Terminato da pochi giorni, Kakushigoto è un anime che si farà ricordare.
Tratto dall’omonimo manga shōnen scritto e disegnato da Kōji Kumeta, serializzato da Kōdansha su Monthly Shōnen Magazine a partire dal 5 dicembre 2015, Kakushigoto è uno slice of life che racconta la bizzarra vita di un mangaka che ha ottenuto un discreto successo con un’opera piccante e demenziale, ma che teme che il suo lavoro possa mettere in imbarazzo la piccola figlia Hime, orfana di madre, e fa così di tutto per nasconderle la sua reale professione.

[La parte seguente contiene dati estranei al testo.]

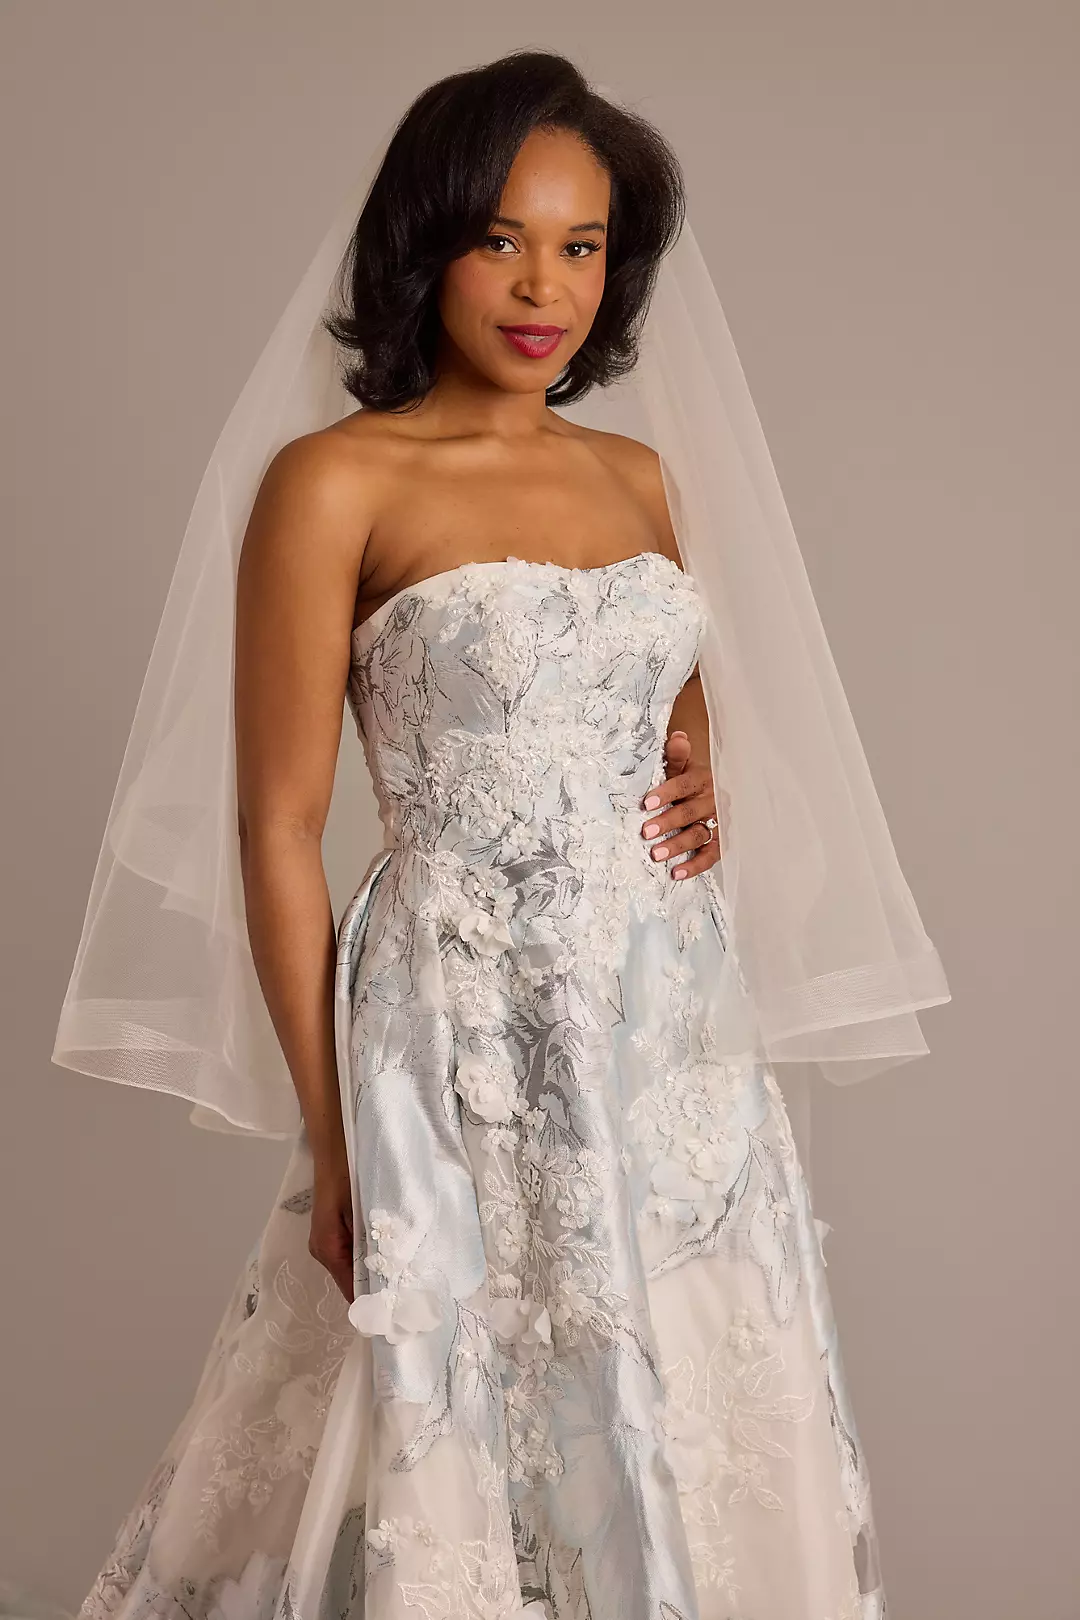 Two Tier Walking Length Veil with Horsehair Trim Image

Ad una prima, fugace, impressione Kakushigoto potrebbe sembrare il classico anime demenziale e divertente (alla Nozaki-Kun, per intenderci, altra opera che racconta la vita di un mangaka), ma fin dalle prime puntate si capisce che c’è di più. La fine di ogni episodio è infatti un flashforward che vede Hime oramai cresciuta e maggiorenne, tornare nella casa dove ha passato l’infanzia e ricordare il padre…come se fosse scomparso? La risposta all’enigma arriverà solo nell’ultima, splendida, puntata, ma tutta la serie, nonostante faccia spesso sbellicare dalle risate, è giocata su un registro agrodolce che la rende unica e appassionante.

Kakushigoto propone due distinti livelli narrativi: il primo, è quello del rapporto genitore/figlia, ottimamente raccontato e denso di riflessioni sull’importanza della paternità, specie in un contesto in cui la madre è assente, le difficoltà nel crescere un figlio e vederlo diventare più grande ogni giorno che passa e sul concetto di famiglia (che, in questo caso, è allargabile alla variegata moltitudine di colleghi, conoscenti e amici che orbitano attorno alla coppia). Temi importanti quindi, ma sempre trattati con efficacia e leggerezza, senza scadere nel melodrammatico.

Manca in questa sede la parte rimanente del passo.